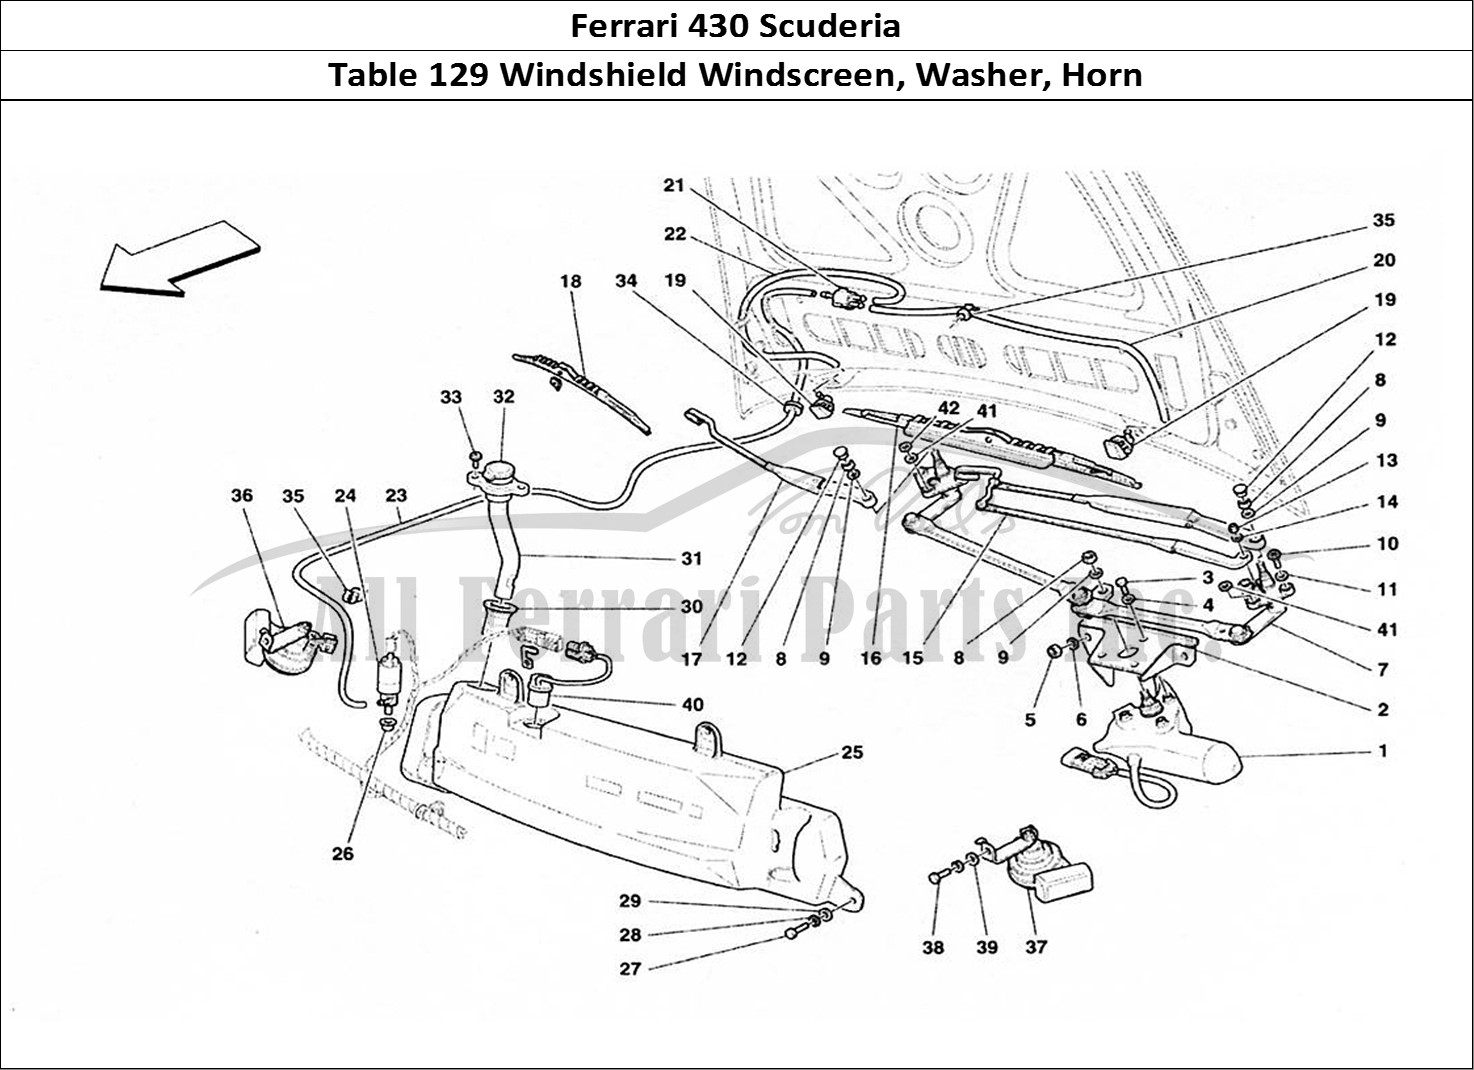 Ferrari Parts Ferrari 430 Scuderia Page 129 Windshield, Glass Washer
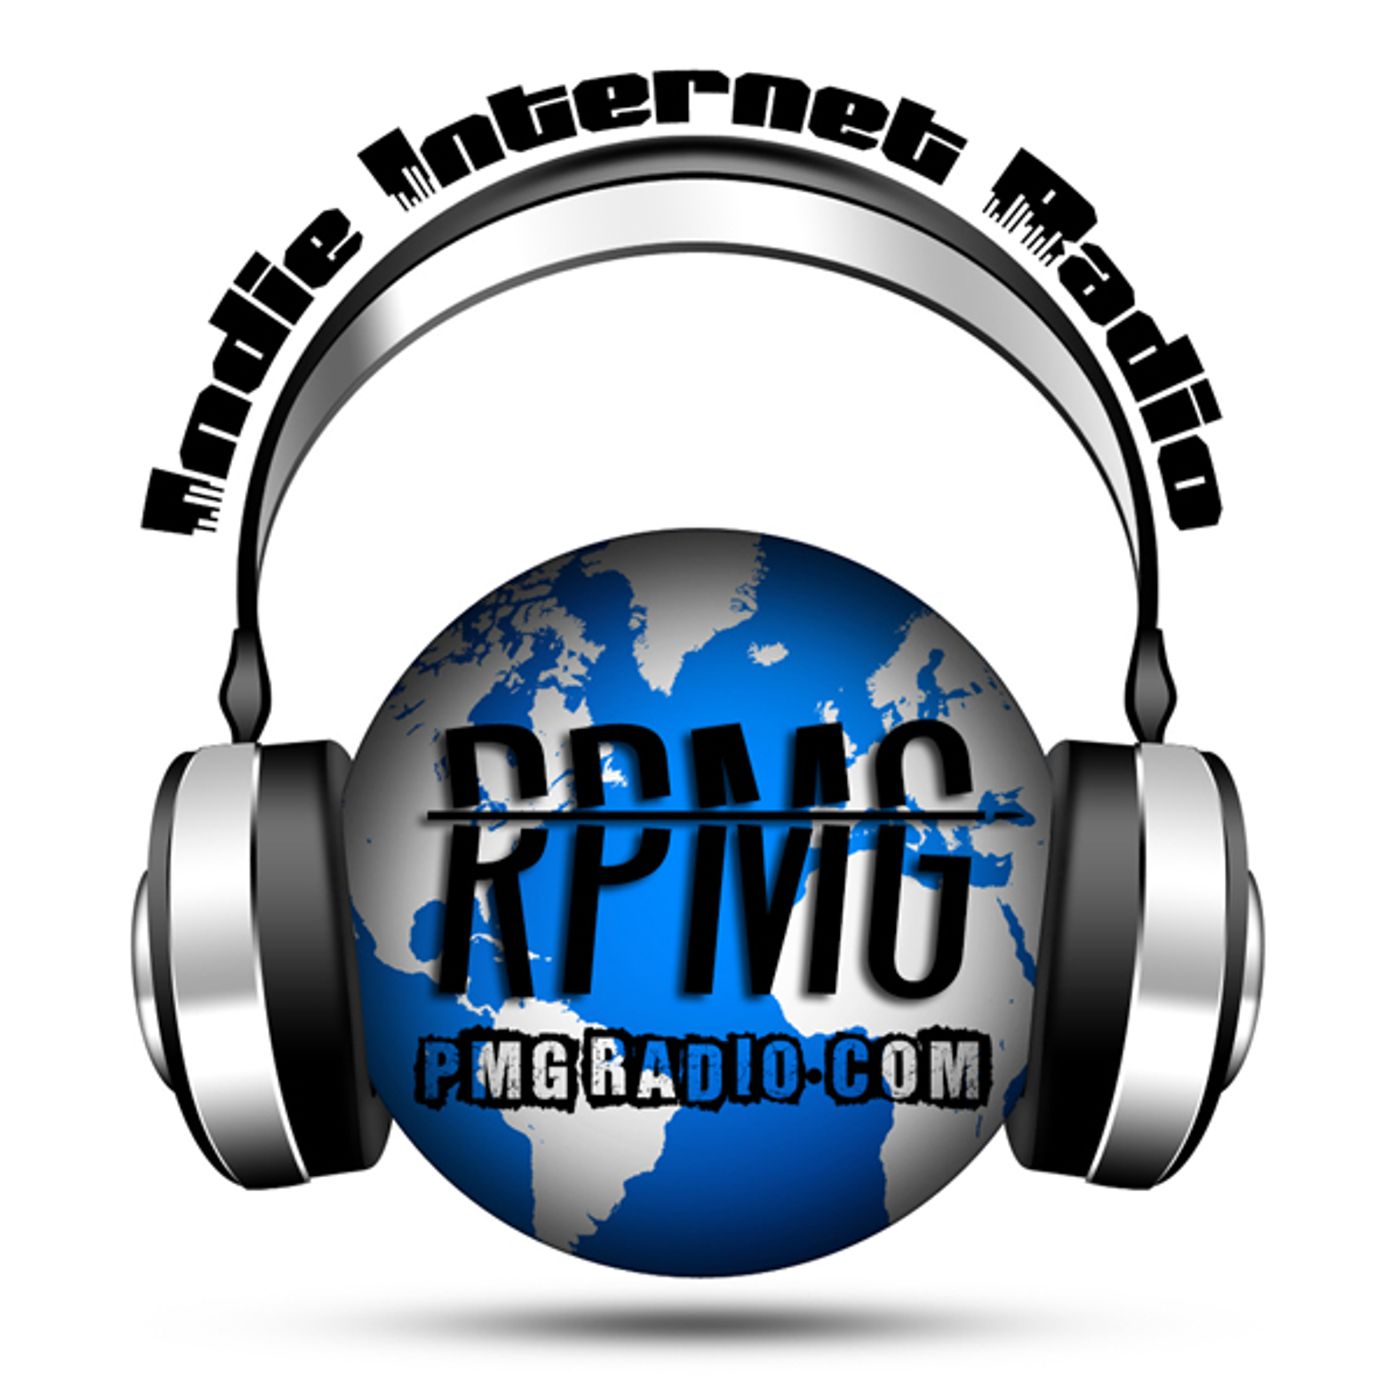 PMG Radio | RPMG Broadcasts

...

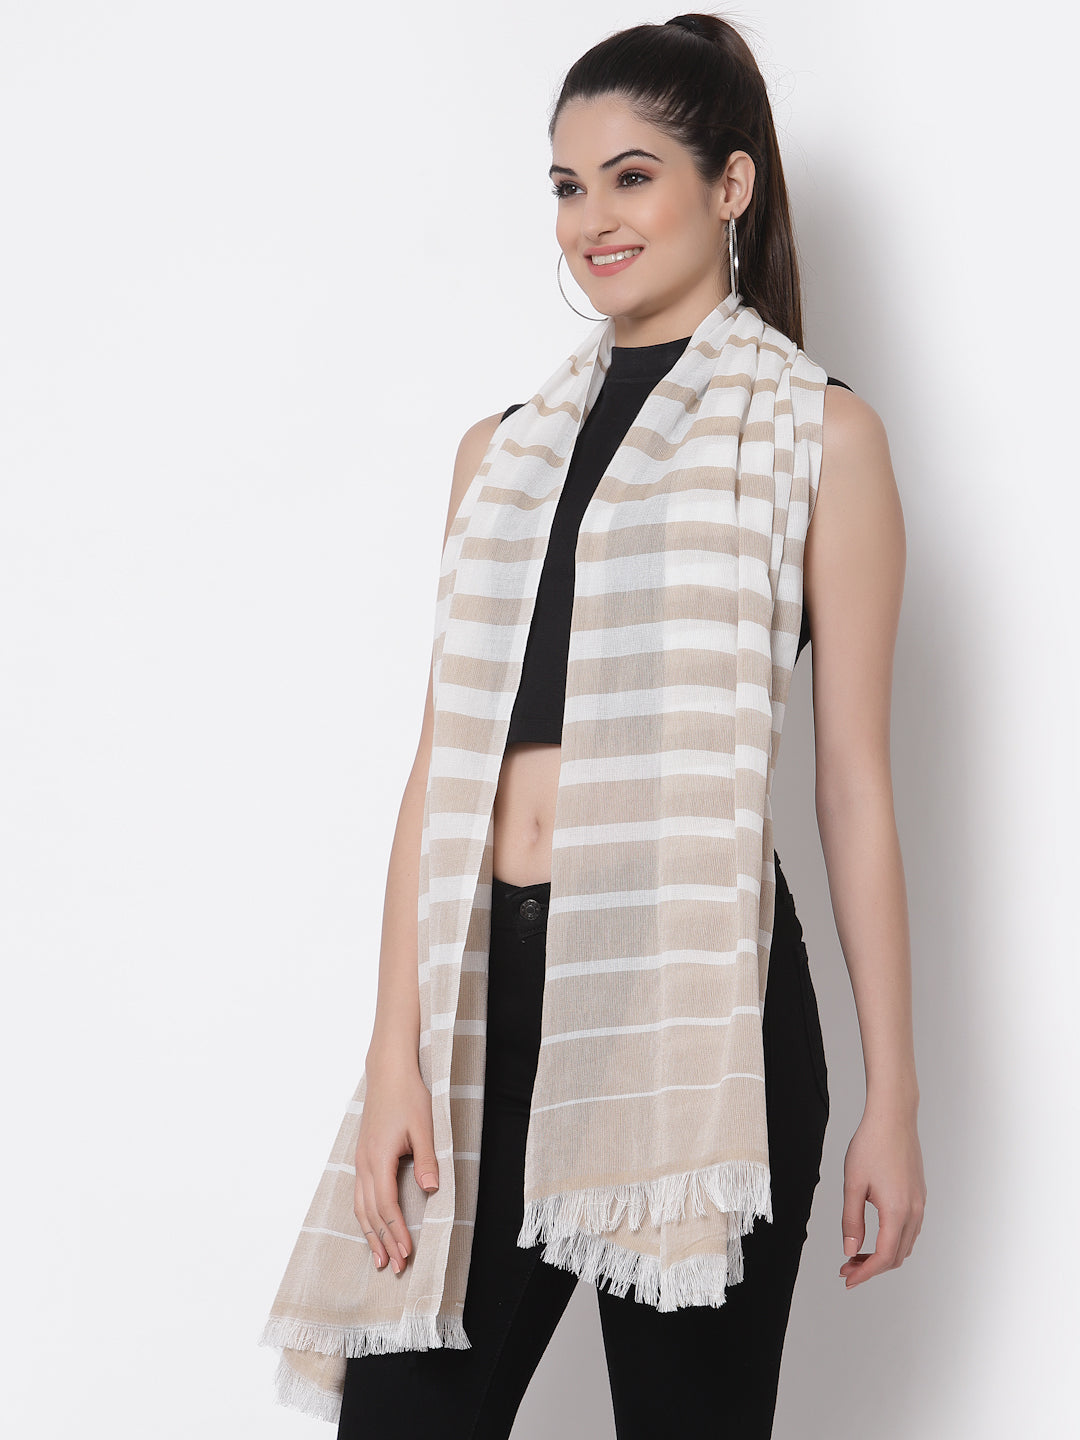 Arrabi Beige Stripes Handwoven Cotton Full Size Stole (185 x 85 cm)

What this task involves
Exercise for the records above: copy only the lines from the one with "Ferrari Parts Ferrari" to the one with "PMG Radio | RPMG Broadcasts", both ends kept, and drop the pictures.

Completed exercise
 Ferrari Parts Ferrari 430 Scuderia Page 129 Windshield, Glass Washer
 PMG Radio | RPMG Broadcasts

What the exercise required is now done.